The internal interface limit flow is relatively easy to solve, through the emergency call to find the corresponding colleagues to raise the threshold of the limit flow. The other cache database, due to the influx of a large number of old users to the database to read the old data to the cache, and the frequency of traffic growth with the continuous increase, and ultimately hit the cache behind the database connected to the full I / O. Subsequent to several core cache database, once again do a batch of expansion, improve the cache capacity and the number of nodes to cope with the subsequent greater traffic and concurrency.
In terms of routine maintenance, the main thing is to adjust the k8s scheduling policy of a gateway service pod, scheduling it to a compute node directly supported by CVM virtualization (one-tier scheduling). Originally, this service was scheduled to a compute node that was virtualized from a physical server purchased by our company and used as a compute node. After scheduling to this, an execution space is virtualized on this CVM (refer to Docker technology), and then Pods are scheduled to this node to start running (two-tier scheduling). On a compute node, there may be several or even a dozen Pods, which run on the same operating system, but with different execution spaces. This results in poor isolation of CPU, memory, network card and other resources, which often interfere with each other. And when this CVM compute node needs to be rebooted or upgraded, all the Pods on it will be evicted. And the wind in the operating system of the compute node will affect all the Pods on it.This is not suitable for this kind of gateway, which is a service with demanding reliability and latency requirements.

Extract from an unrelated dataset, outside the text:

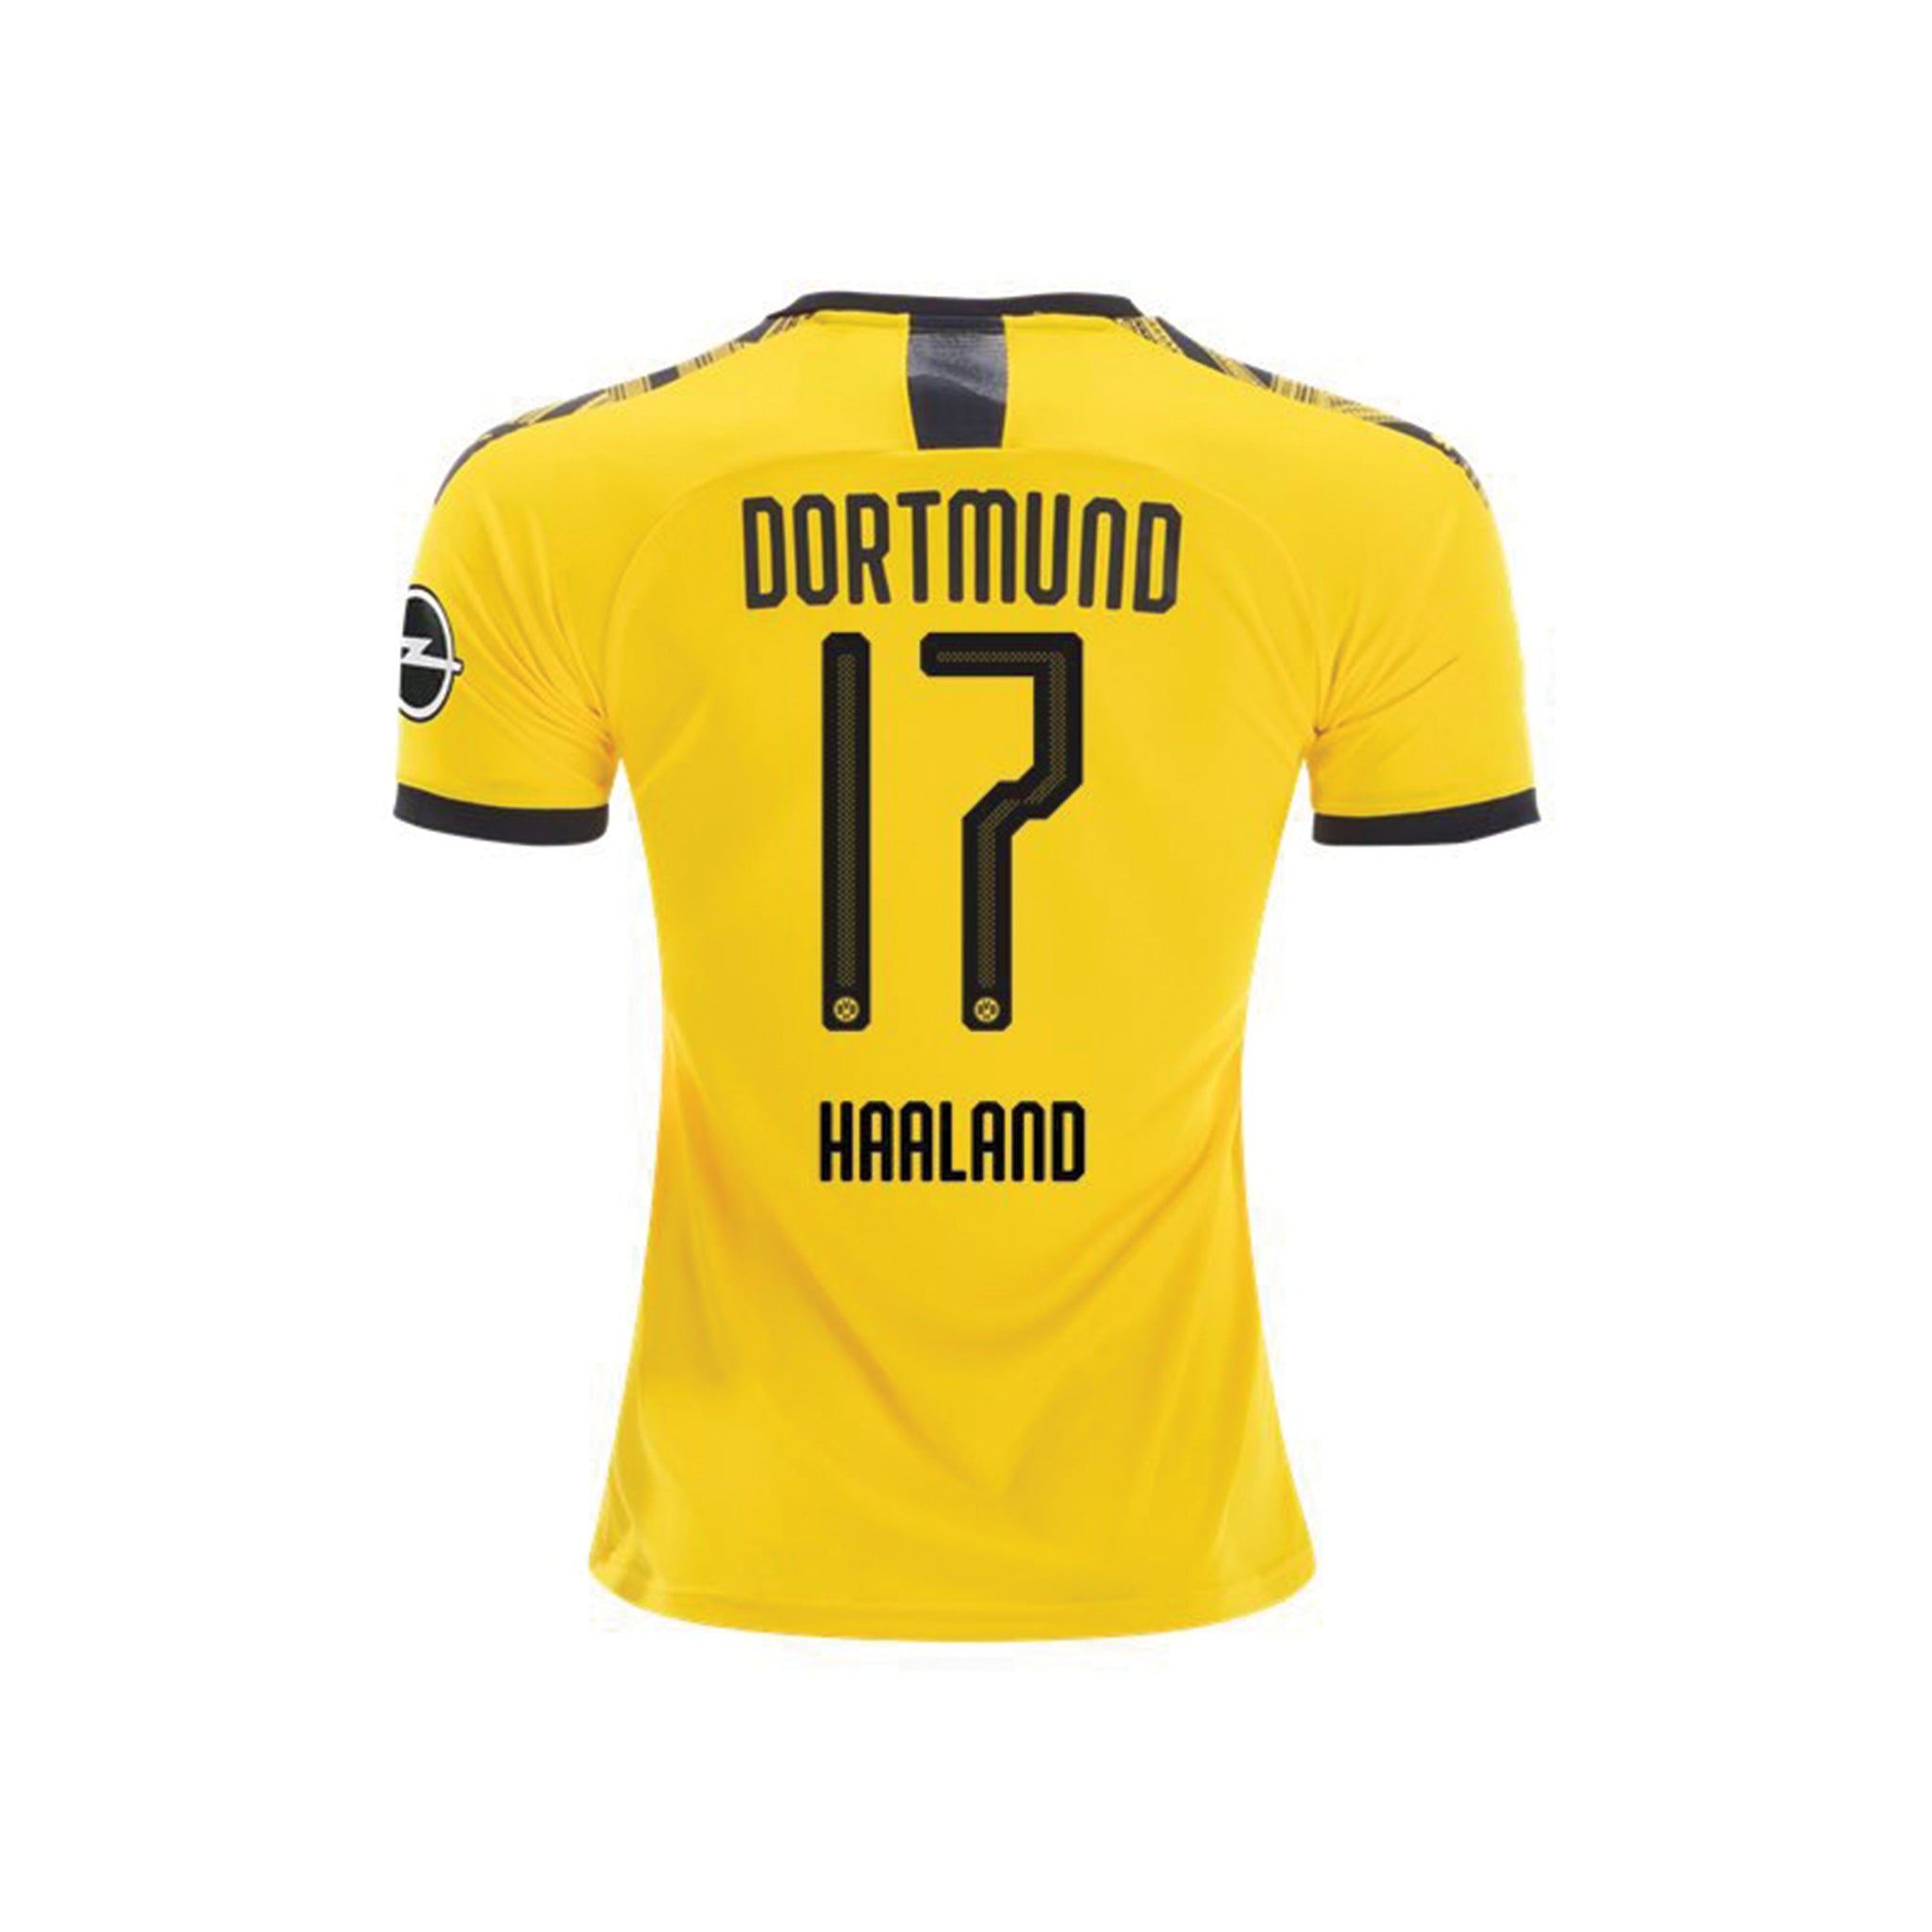 PUMA BVB Borussia Dortmund Home HAALAND 19/20
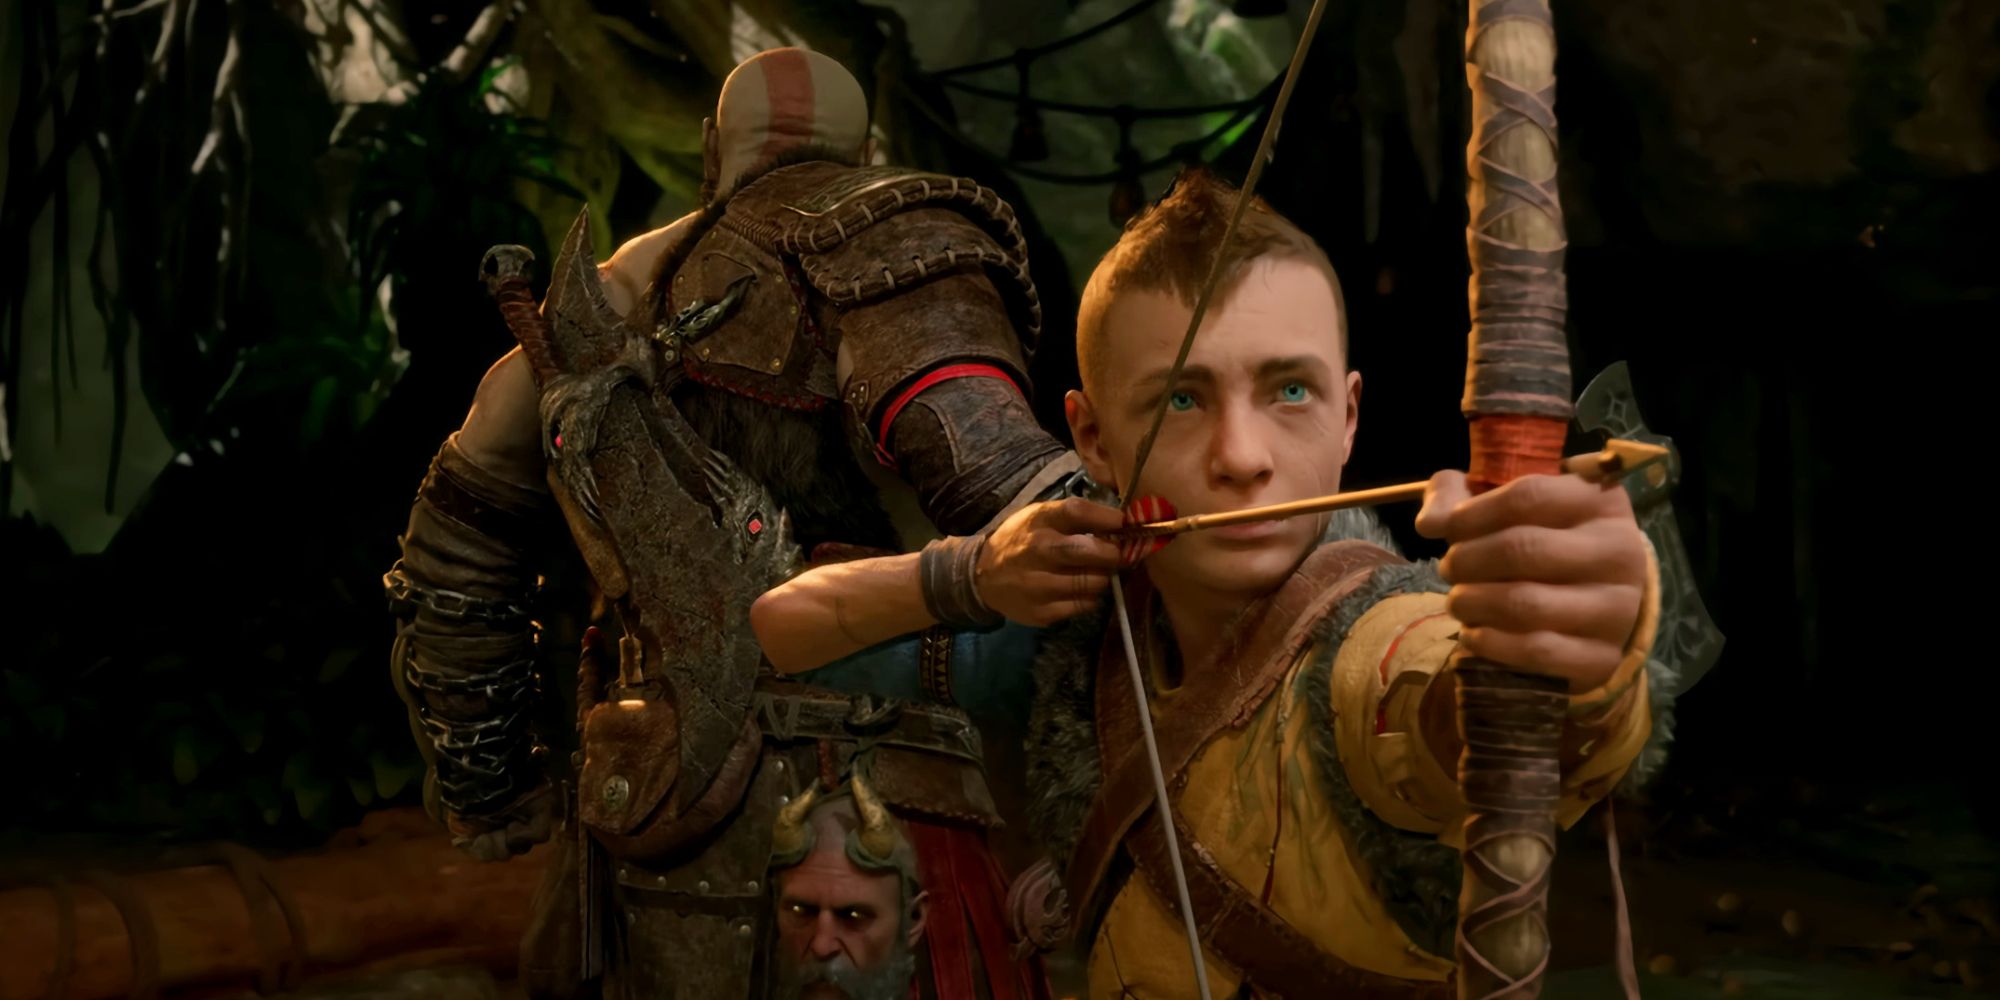 Atreus drawing an arrow with the Talon Bow in God of War Ragnarok.

And a layer of scheduling compute nodes, in fact, by the cloud to allocate computing resources and virtualize the CVM to execute this program individually, CVM resources are obtained from the entire cloud resource pool. And this approach supports k8s, because this new scheduling approach will be virtualized as a kind of “super node” on k8s. k8s can directly schedule Pod to the super node, Pod can be directly based on a layer of scheduling operation, that is, directly running on a separate CVM. This approach is highly isolated and will not affect each other. Since each CVM runs only one node, when a problem occurs on a single Pod, it can be fixed for that Pod’s problem without affecting other Pods.
By modifying the scheduling policy and scheduling all Pods of the service to the supernode, the whole service runs more stably. The situation of double high timeout rate and CPU utilization during peak hours rarely occurs again.